WHAT YOU ARE ASKED TO DO: Could you output each line below exactly as it appears, excluding any pictures?

DATA SHOWN:

*-*-*

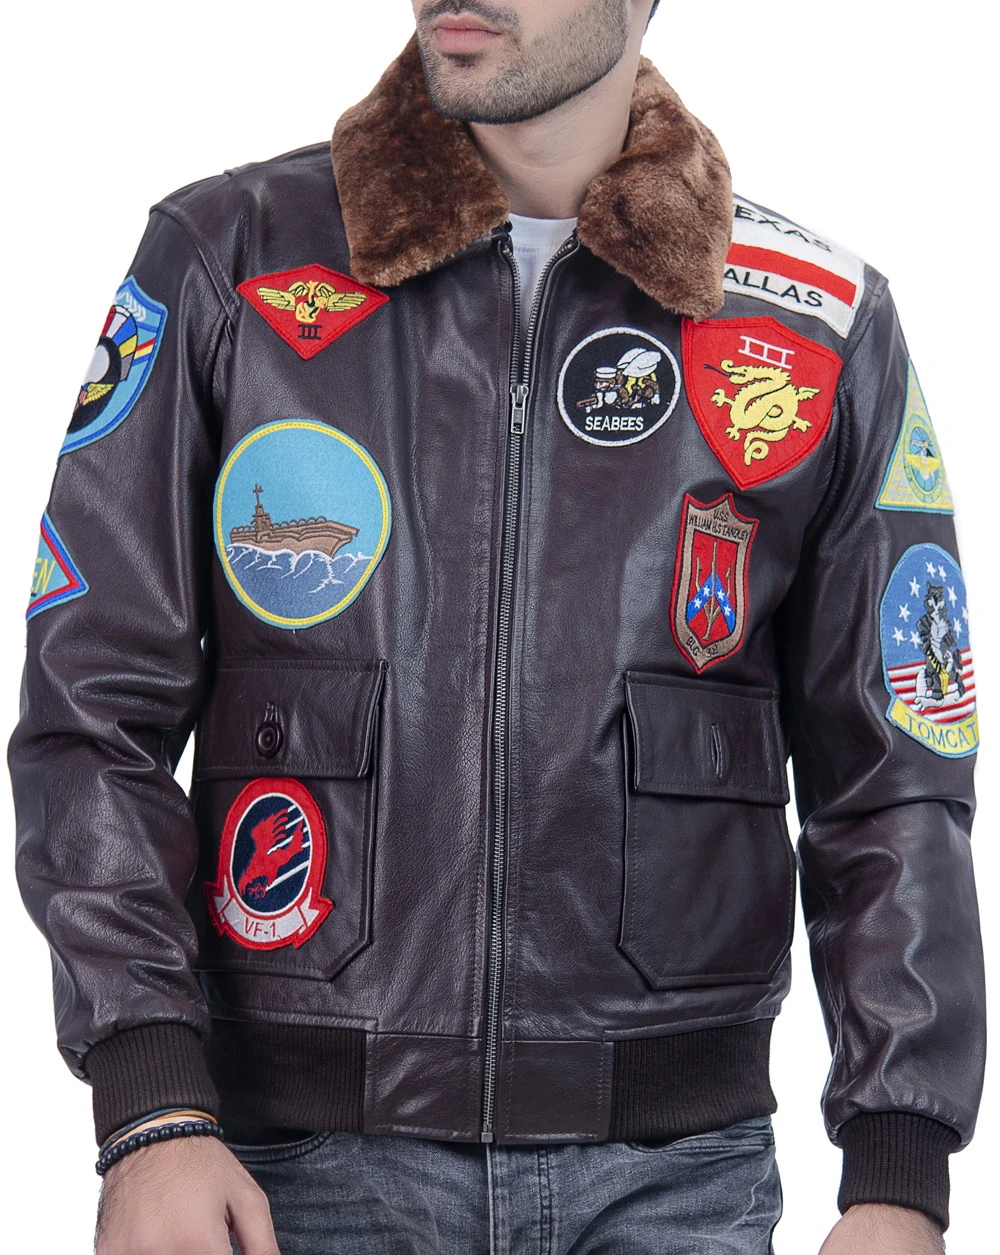 Top-Gun Top Gun G-1 Navy flight leather jacket as worn by Pete Maver
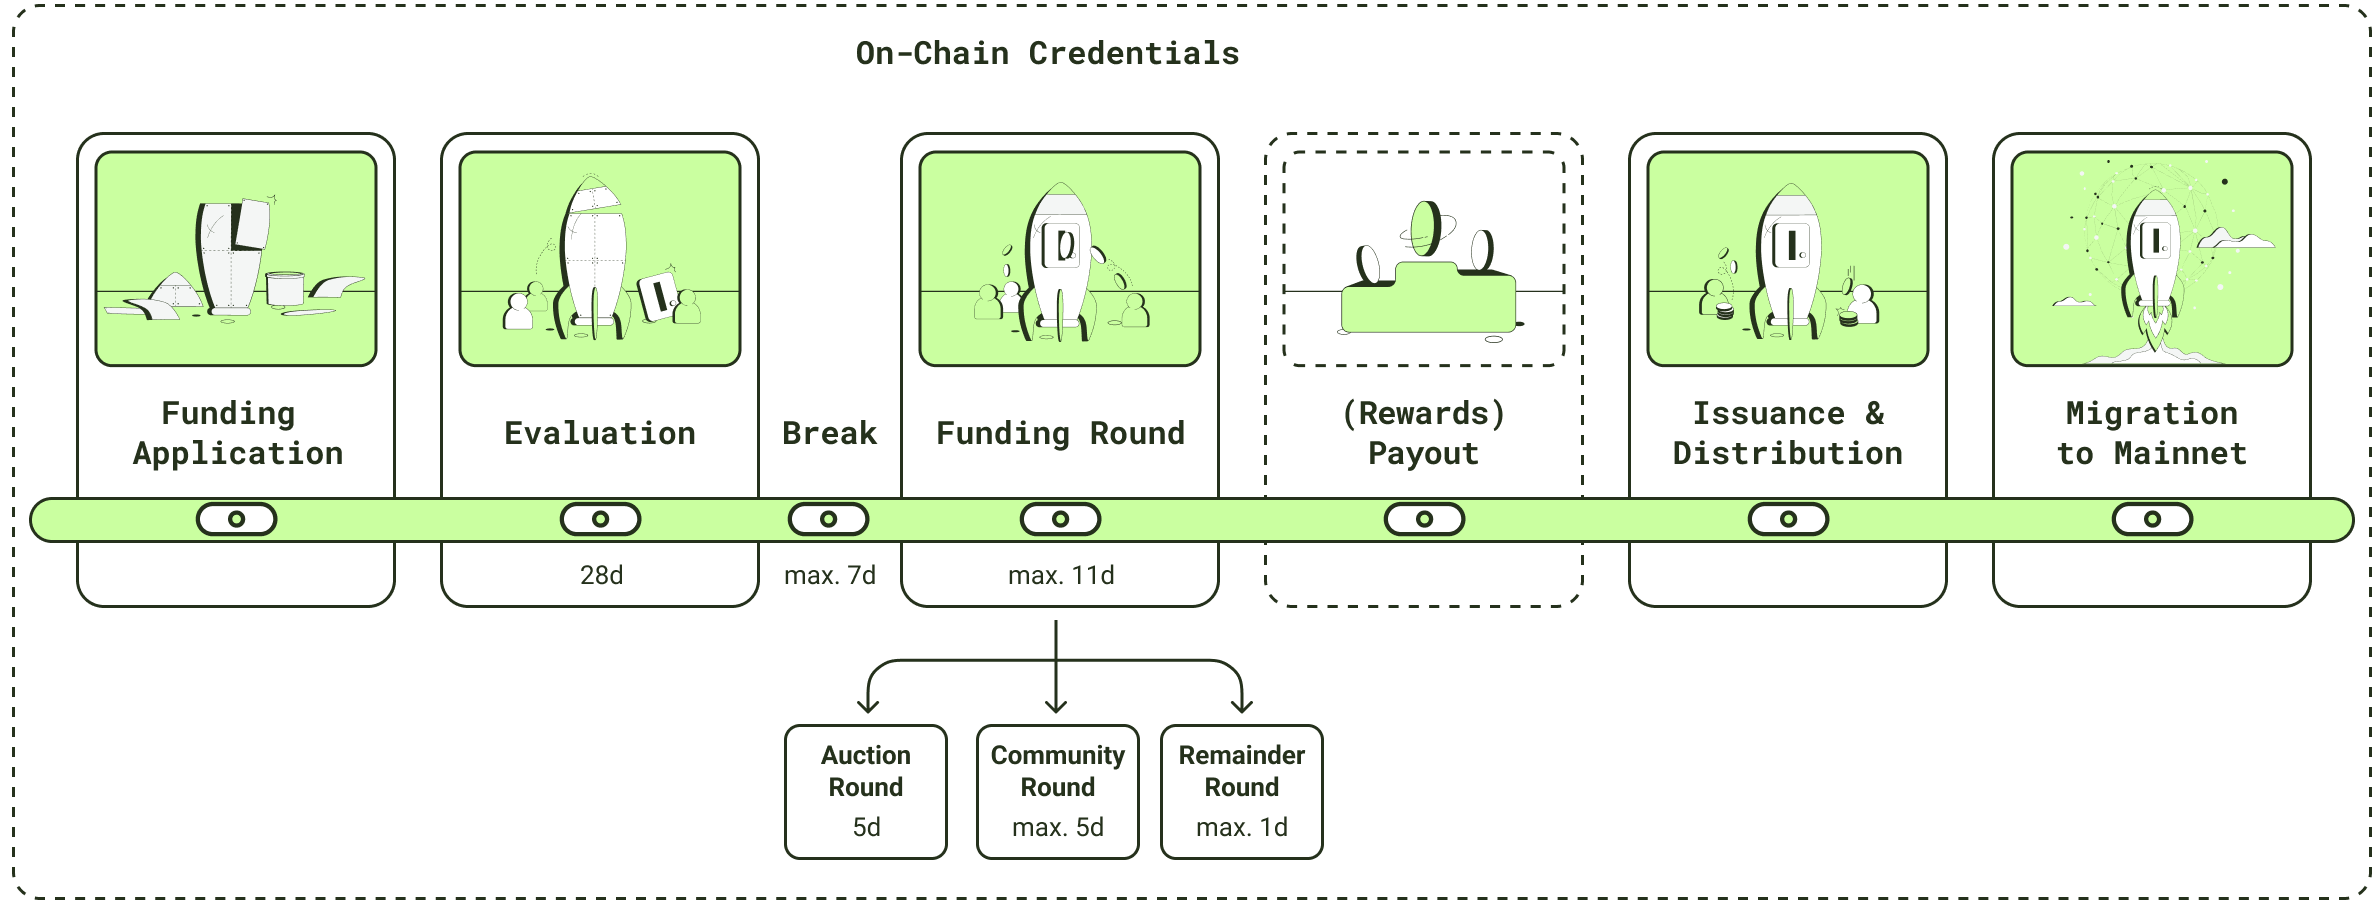 Polimec’s funding process
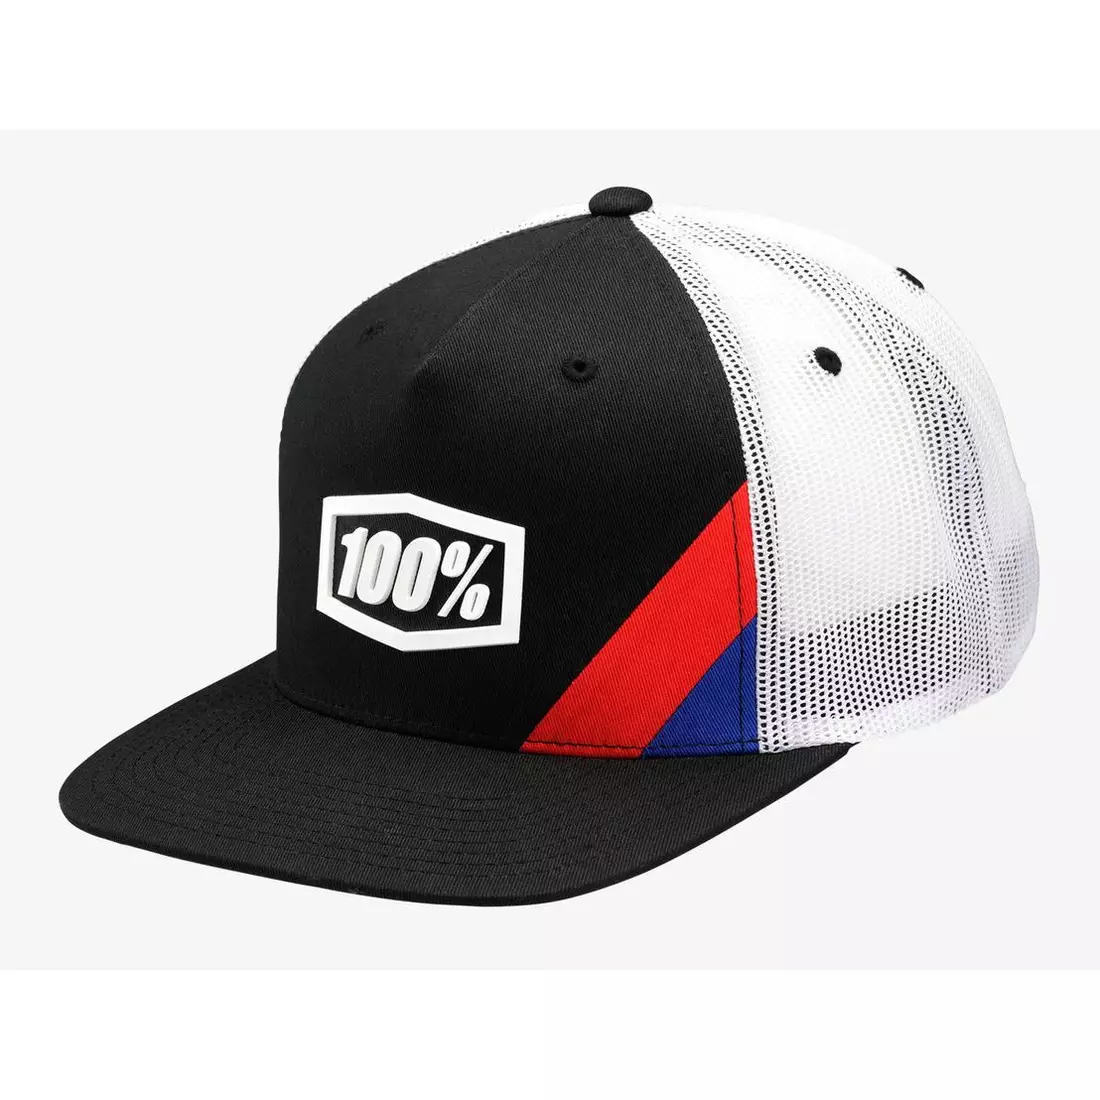 100% șapcă de baseball cornerstone trucker hat black STO-20050-001-01

*-*-*

SOLUTION FOR THIS PROBLEM:
 Top-Gun Top Gun G-1 Navy flight leather jacket as worn by Pete Maver
 Polimec’s funding process
 100% șapcă de baseball cornerstone trucker hat black STO-20050-001-01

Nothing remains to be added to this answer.